1
$\begingroup$

If a horseshoe magnet was attached to a satellite orbiting the Earth, would the interaction of the Earth's magnetic field and the horseshoe magnet's magnetic field result in the magnet being propelled in the direction of travel and adding momentum to the satellite? If so, this magnet should help the satellite to maintain its orbit over its lifetime.

To illustrate how this propelling force would be created, please reference the drawing below:

enter image description here

The horseshoe magnet shown in the drawing (and the satellite) is moving in a West-to-East orbit around the Earth. This propelling force is created via the magnetic repulsion of the two magnetic fields.

Also, this horseshoe magnet could be mounted to the end of a ten foot plastic rod with the other end of the rod attached to the satellite so the magnet's magnetic field would not interfere with the satellite's electronics.

EDIT

I have thought about the issue of the magnet and satellite being rotated by the Earth's magnetic field instead of the magnet adding force/momentum in a West-to-East direction.

I believe a solution to this issue would be to place a magnet behind the satellite and another one in front of it, with each one being attached to the end of a long plastic rod so its magnetic field would not interfere with the satellite's electronics.

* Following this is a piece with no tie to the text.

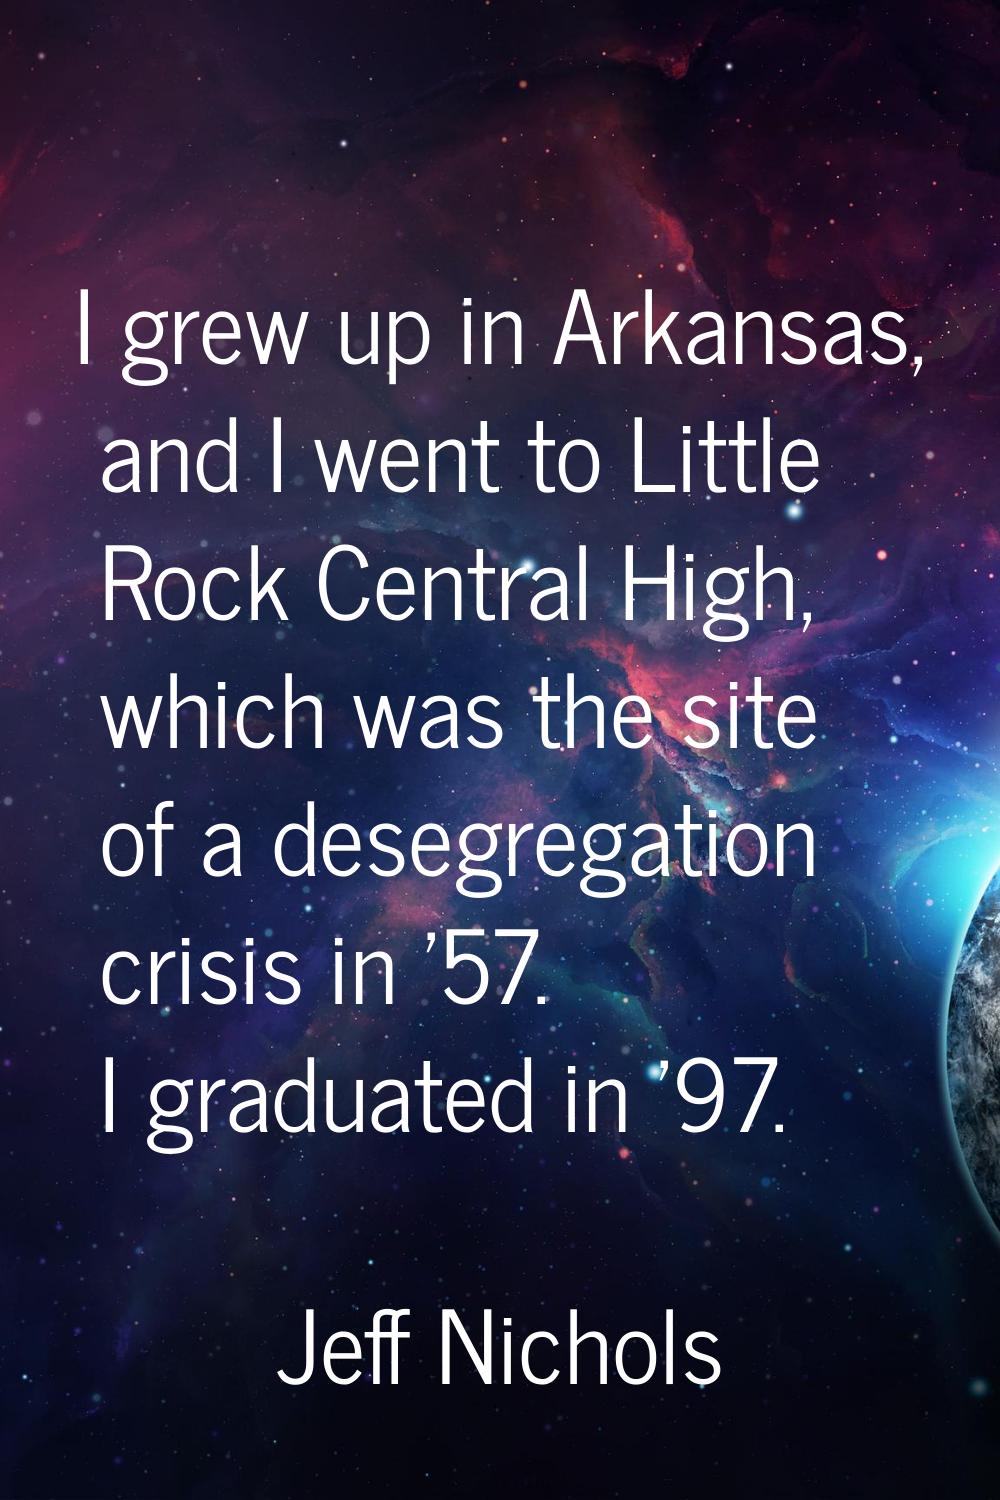 I grew up in Arkansas, and I went to Little Rock Central High, which was the site of a desegregatio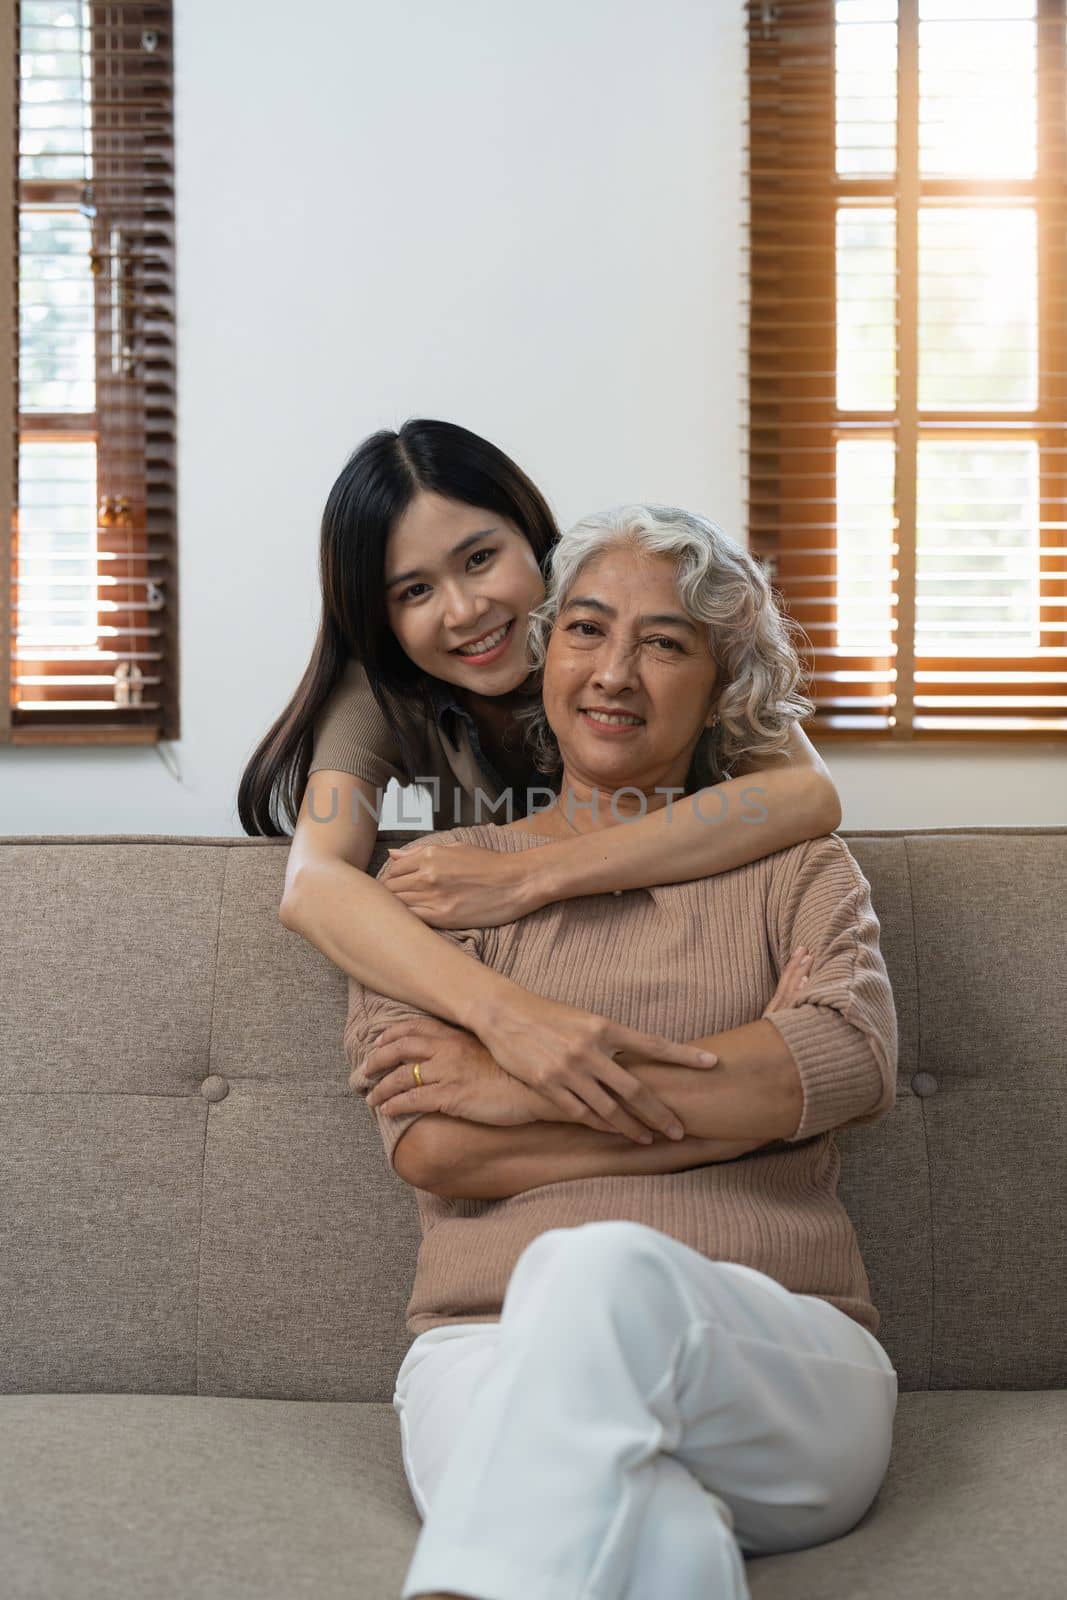 Loving adult daughter hugging older mother on couch at home, family enjoying tender moment together, young woman and mature mum or grandmother looking at each other, two generations.

I have illustrated this concept in the new drawing below:

enter image description here

Would this be a viable solution to the rotation issue and would there be a propelling force which would add momentum to the satellite? These two magnets could be either permanent magnets or electromagnets.

$\endgroup$
  • 2
    $\begingroup$ Using these amazing new magnet physics, you can also get infinite energy. The possibilities are endless! $\endgroup$ – SE - stop firing the good guys Mar 6 at 14:26
  • 1
    $\begingroup$ For one thing, consider what forces would be acting prior to deployment of the magnet. $\endgroup$ – Carl Witthoft Mar 6 at 14:32
  • 1
    $\begingroup$ The arrangement in your modified question is not really any different. You still have dipoles parallel to Earth's and a net repulsive force. It doesn't matter if they are ahead of or behind the spacecraft. $\endgroup$ – uhoh Mar 8 at 9:28
  • $\begingroup$ @uhoh, I see what you are saying. Perhaps then the only viable solution would be to rotate each magnet 90 degrees so the open end of each horseshoe magnet would be pointed towards the surface of the planet. In this new arrangement, both magnets should experience a magnetic repulsion force that should push the satellite away from the Earth, which should help maintain and/or prolong its current orbit. $\endgroup$ – user255577 Mar 8 at 13:22
  • 1
    $\begingroup$ @user255577 my answer explains that while you can get a one time, very very tiny bump in altitude, this will never work to maintain and/or prolong the orbit. Atmospheric drag keeps sapping away the angular momentum so the orbit keeps dropping lower and lower until it burns up. You need a thrust force to push the satellite forward in its orbit in order to maintain altitude, and magnets on the spacecraft just can't do that. $\endgroup$ – uhoh Mar 8 at 13:45
3
$\begingroup$

Dipole-dipole repulsion

The drawing depicts the right idea; if you hold two parallel magnetic dipoles close together there is a strong repulsive force. If you let go, they will fly apart.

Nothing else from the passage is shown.